In the 1960s, Giorno had a fling with dancer Steve Paxton. He also had an affair with Paxton's partner artist Robert Rauschenberg from 1966 to 1968. The two drifted apart but they had a dalliance in 1972. Recalling his relationship with Rauschenberg, Giorno later said, "It was like making love to Alexander the Great or Emperor Hadrian. His body radiated the worldly power of great accomplishments."

Giorno had a romance with artist Jasper Johns from 1968 to 1969. He later admitted, "I was the cause of all the trouble and problems in my relationship with Jasper. I was the one who was attached to the 1960s culture, and who was deluded in believing that psychedelic drugs had magical powers, that poetry, art, and political action could change the world for the better. I felt exiled in domestic life. Jasper just wanted a sane, simple, fulfilling relationship with a man he loved."

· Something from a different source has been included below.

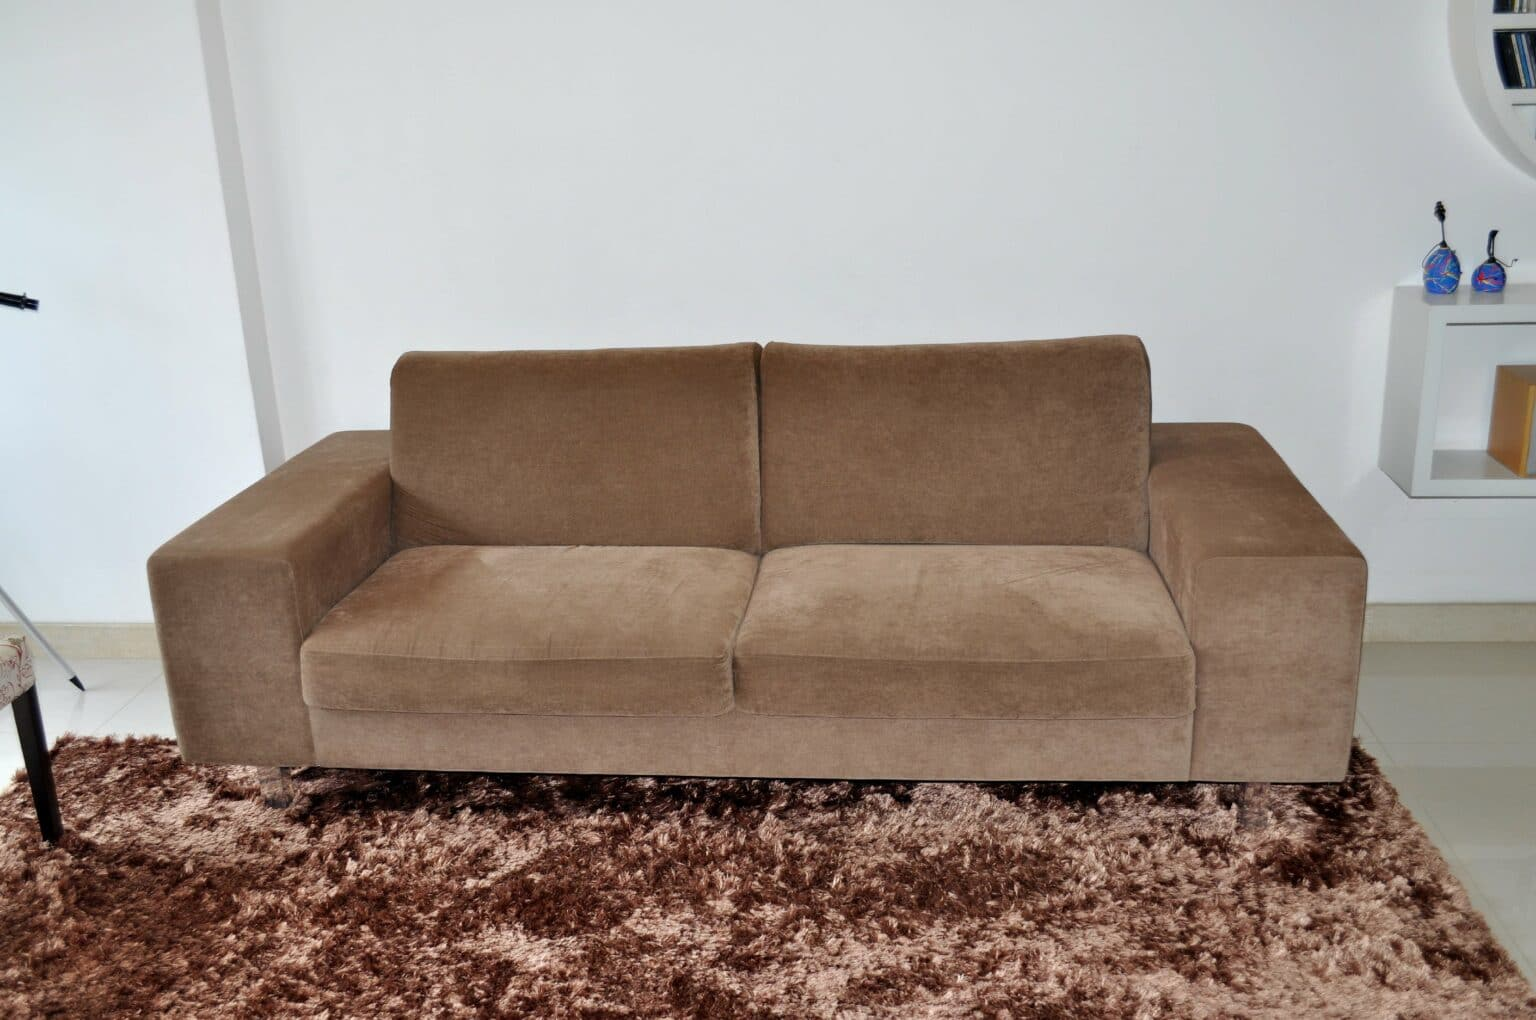 Sofá e tapete felpudo marrons. Imagem ilustrativa texto sofá sujo.

Giorno also had a sexual relationship with his close friend, writer William S. Burroughs. In his memoir, he wrote, "I wanted to thank William for being a great hero of gay sexual freedom. I wanted to reward him for his noble efforts. … I wanted to offer him bliss."

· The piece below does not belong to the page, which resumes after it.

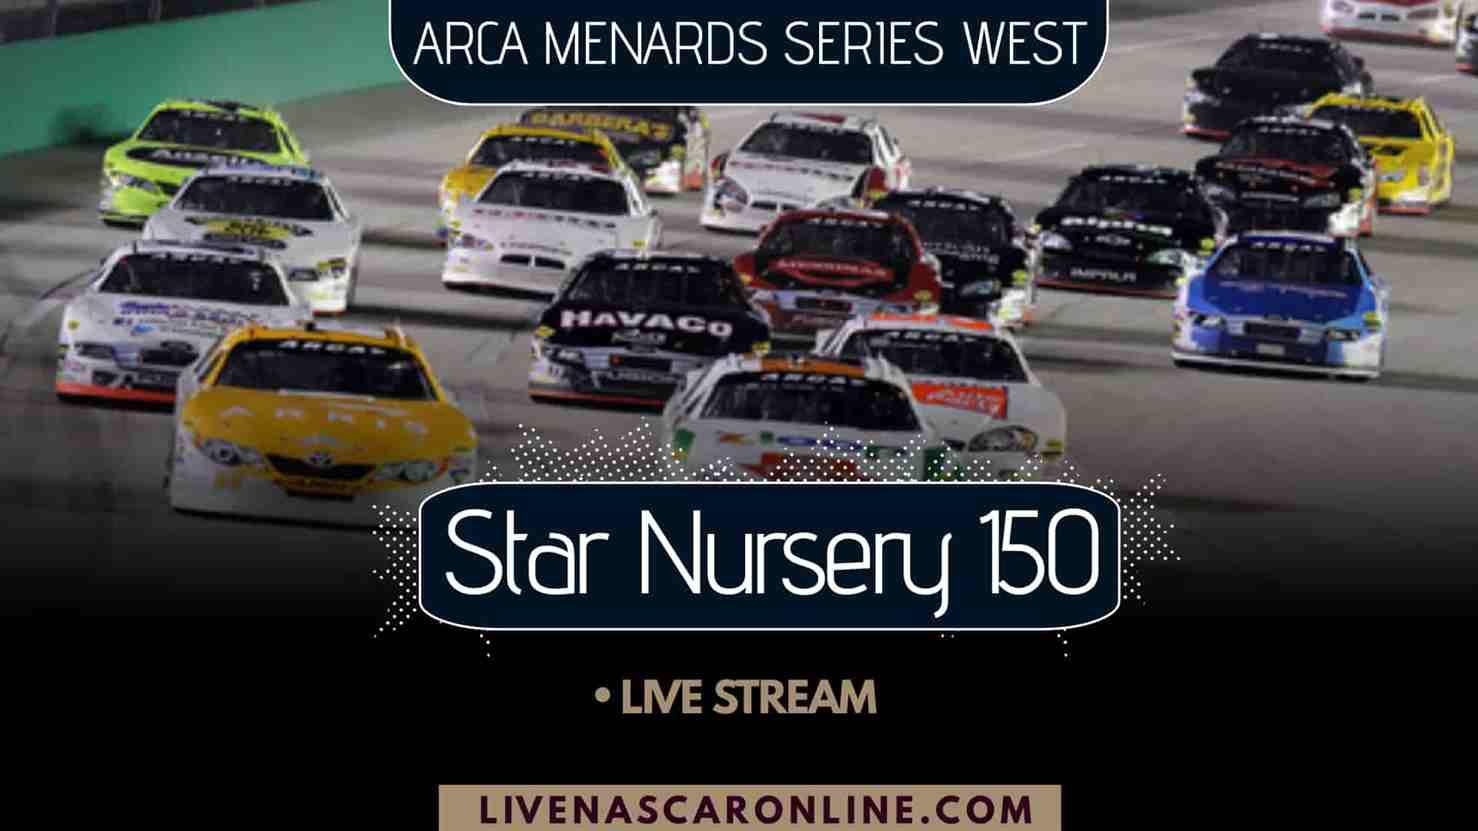 Star Nursery 150 ARCA Menards Series Live Stream

Giorno met Swiss artist Ugo Rondinone on March 11, 1998, after Rondinone attended one of his poetry performances and contacted him about a potential collaboration. The two instead began a romantic relationship, while also collaborating on a number of artistic projects over the following years. On February 10, 2017, Giorno married Rondinone, who was 26 years his junior.

Giorno lived at 255 East 74th Street, when a small carriage house was located on the property. He later lived and worked from three lofts at 222 Bowery on the Lower East Side.

==Death==
Giorno died of a heart attack at age 82 on October 11, 2019, at his home in Lower Manhattan. He was survived by his husband Ugo Rondinone.

== Legacy ==
Giorno's artwork Poem Prints (1991) is held in the permanent collection of the Pérez Art Museum Miami as part of the Sackner Archive of Concrete and Visual Poetry acquisition.

In 2020, Farrar, Straus and Giroux published Giorno's posthumous memoir, Great Demon Kings: A Memoir of Poetry, Sex, Art, Death, and Enlightenment.